Снова обмен револьверами. Стволы в небо. У Тумгоева выстрел случился сразу же, «Добролюбов» преуспел на третьей попытке.
Самоубийцы встали, сошлись грудью и, полуобнявшись, похлопали друг друга по спинам.
Ни слова. Все разошлись по своим делам.
Божий суд, вот что произошло, подумал Милик. Аллаху ведомо, кто предатель, и, если один из двоих оказался бы им, он знал бы, кого покарать. Самоубийством. Тумгоев и «Добролюбов» не стреляли друг в друга, и, случись одному из них погибнуть в результате этой «чеченской рулетки», он пал бы достойно, от собственной руки и без повода для кровной мести…
— Ах, мудрецы, — сказал Милик возбужденно Кащею. Больше вокруг никого не осталось. Исмаилов тоже исчез.
Старик считал деньги, слюнявя пальцы с фиолетовым трауром под заскорузлыми ногтями. Пачка была толстой, за пользование редкой игрушкой заплатили знатно.
— Посмотрю? — спросил он казака.
Гребенской Кащей, не отводя слезящихся глаз от пятисотрублевых купюр, приостановил шевеление губ, кивнул и сказал без досады:
— Сбился из-за тебя, прости Господи!

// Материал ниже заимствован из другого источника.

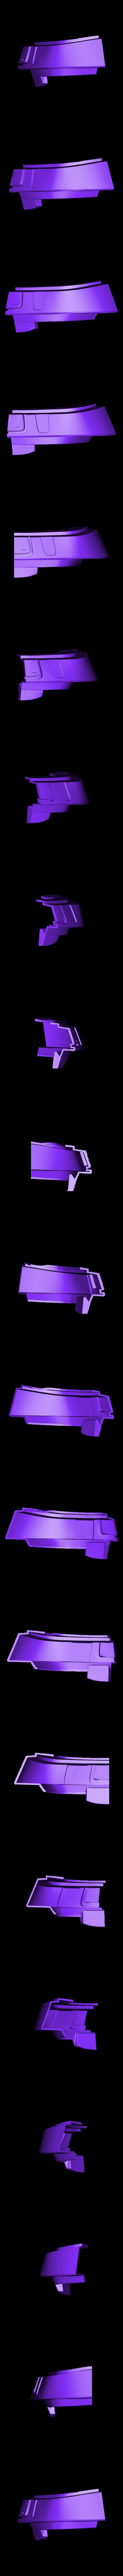 Part_11_v2.stl Download free STL file Battlestar Galactica Colonial Viper Pilot Helmet • 3D printing object, VillainousPropShop

Да вить и то приятно посчитать по новой-то, а?
Длинноствольная пушка весом под килограмм имела марку «Гассер Патент» на приствольной раме и маленькую коронку с латинской «N» на цевье возле рукояти.
Милик откинул ствол, экстрактором выбросил стреляную гильзу. Она оказалась современной — «магнум» калибра 44, по европейскому стандарту одиннадцать миллиметров. Полголовы снесет, как отрубит. Или выходную дырку с кулак между лопаток проделает…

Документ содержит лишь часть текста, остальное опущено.